What are your forthcoming writings?
If I can bear to relive it, a memoir of my years of horror -- just to prove that with stamina, anything can be overcome. 

Mary Gray Kaye – Impact of Modelling from Age 4 until Adolescence

What are your future plans?
I would like to take A WINGED THING, AND HOLY on a cross-country tour.  I like to travel and I have friends across the U.S. who have cheered me on through the writing of the novel.  They would be great partners in bookstore and library readings.  I like my book; it has been with me for many, many years and I could easily spend the rest of my life promoting it. 

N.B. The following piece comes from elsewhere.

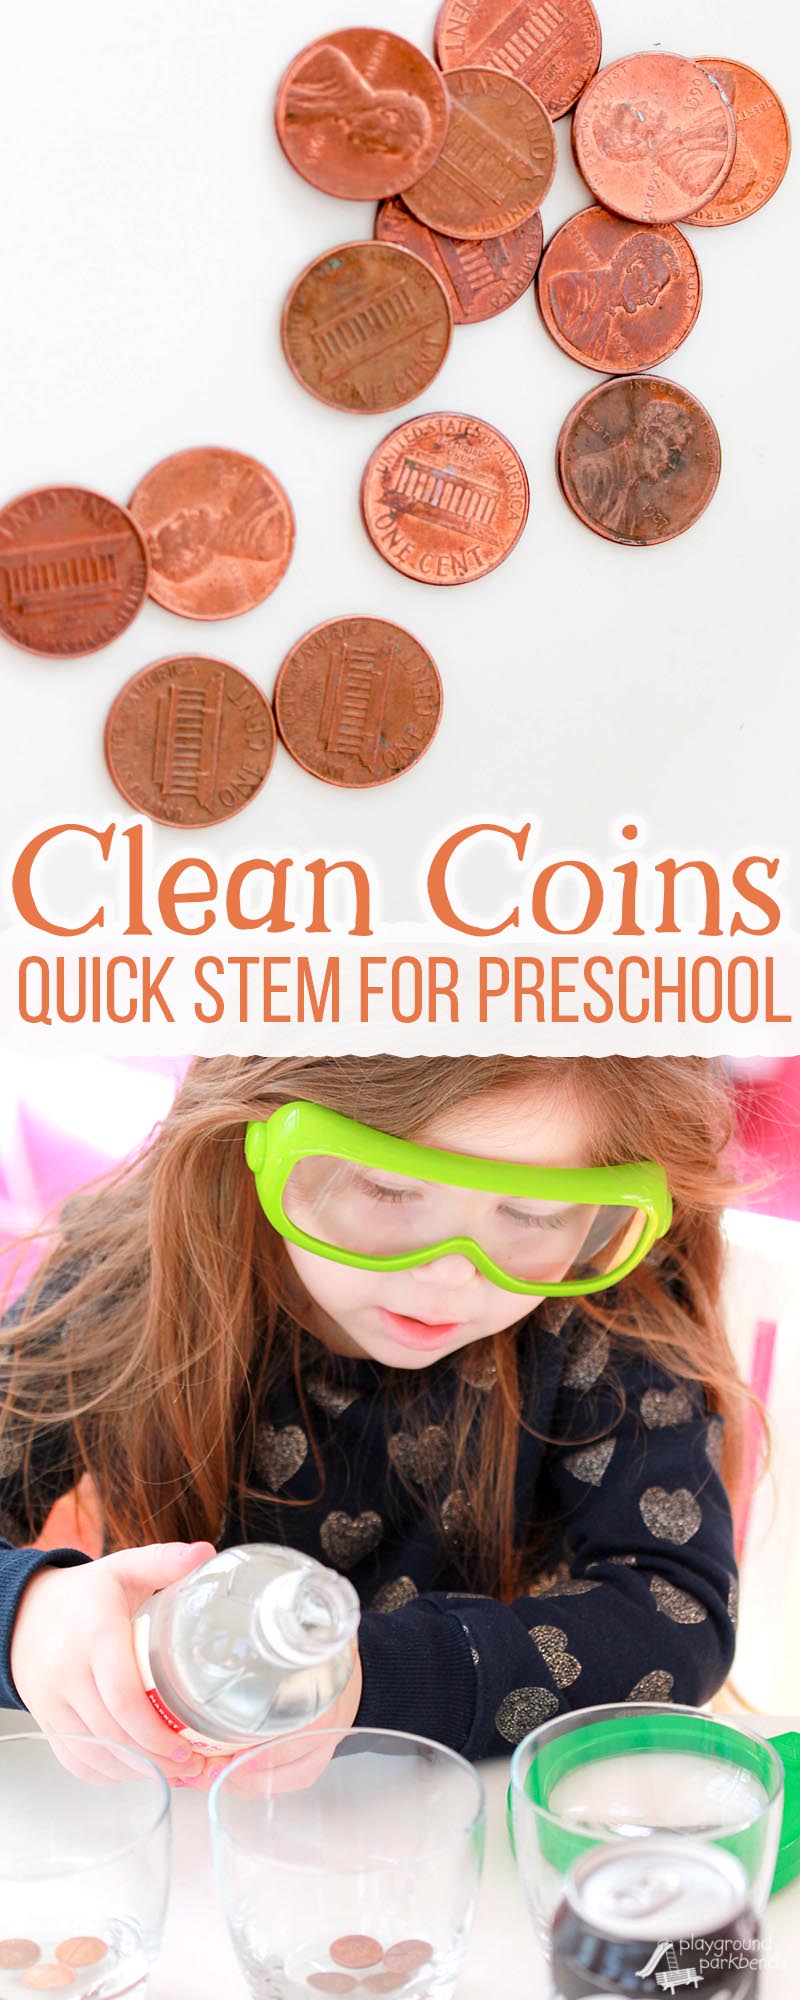 What liquid will clean coins best? A simple science experiment for preschoolers to introduce the scientific method - ask a question, make a guess, test, and review your results. | Preschool | STEM | STEAM | Science Project | Money | Kids Activities |
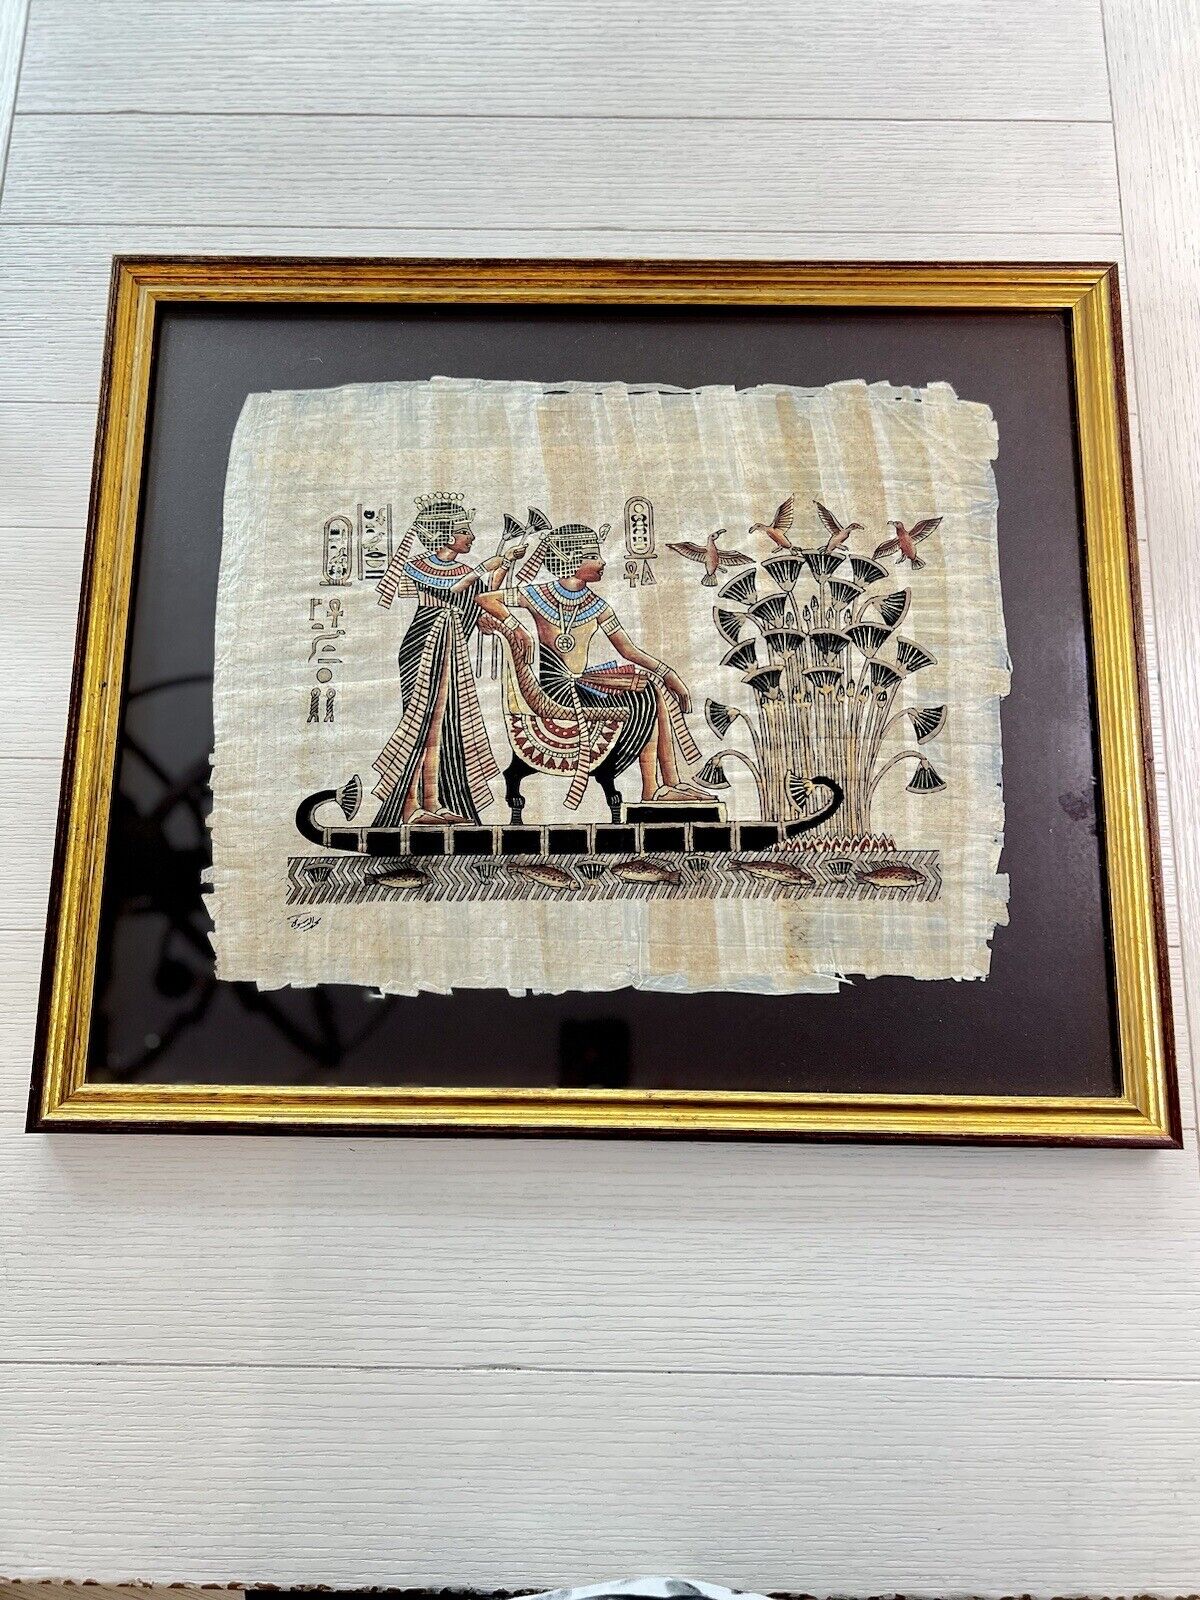 Hand Painted Egyptian Art Of Royals On Papyrus Signed&Custom Framed 19.5” x 23”

What four top most things you take care of while writing a book?
What I didn't take care of while writing were social engagement and food.  During the crush of writing, they fell by the wayside as I paid homage to my muse.  What I most took care of was research -- everything had to be based in fact (except the plot, of course -- pure fantasy). 

Your dream destination on Earth?
I am in my dream destination.  I live on the beach, high up over Lake Michigan, a ten-minute drive from downtown Chicago.
If not there, I would like to be in a cottage in the Highlands of Scotland, eating salmon for dinner every night listening to bagpipes.

Your origin of birth and other countries you have visited/ stayed. What best things you liked in these countries around the globe?
I was born in the Midwest but have traveled everywhere but South America.  My best likes are gazing at the African skies, cheering the bulls in Spain, eating Nutella and banana crepes on Paris streets, wading into the Mediterranean Sea, drinking beer under the Great Wall of China. 

Your favorite time of the day?
early, early morning. 

Your zodiac/ sun sign?
I am a Leo -- two steps forward, one step back.

Mary Gray Kaye – Impact of Modelling from Age 4 until Adolescence

Your favorite color and why?
black -- it covers many sins. 

Your favorite book and why?
Johnny Got His Gun -- The first book I read that astounded me.

Your favorite celebrity and why?
Barack Obama -- He's honest and doomed by the times he was catapulted into. 

Your favorite food?
watermelon 

Some quickies: Sun or Moon, Laughter or Smile, Morning or Evening, Coffee or Tea, Mountain or Sea, Long Drive or Short Drive, Silence or Conversation, Water or Fire, Air or Earth, Mars or Jupiter, Moon or Sun, Tulip or Rose, Red or Blue, Left or Right, Glance or Stare
moon, smile, morning, tea, mountain, long drive, silence, fire, air,  Mars, moon, tulip, red, right, glance

What three words come to your mind for each –
Technology, geek, challenge, gift 
Life, breath, hope, happiness 
God, help, buddy, everything 
Humanity, hopeless, hopeful, enigma 
Terrorism, brutal, senseless, overpowering 
Racism, confusing, unfounded, troublesome 
Childhood Abuse, why, how, who? 
Love, indefinable, unattainable, cherishing 
Parenting, protection, pride, privilege 
Old age a gift, a joy, a reward

Mary Gray Kaye – Impact of Modelling from Age 4 until Adolescence

 State your signature line/ tagline/ best quote
My favorite quote (I have used it in the novel) is from Winnie the Pooh: “What day is it?’ “It’s today,” squeaked Piglet.  “My favorite day,” said Pooh.  

The last line of your autobiography would be…
"She lived a life." (notice, no judgment there)

Thanks, Mary Gray Kaye for such fabulous answers. You probably became the youngest professional. It was sad to learn about the impact of modeling at an early age of 4.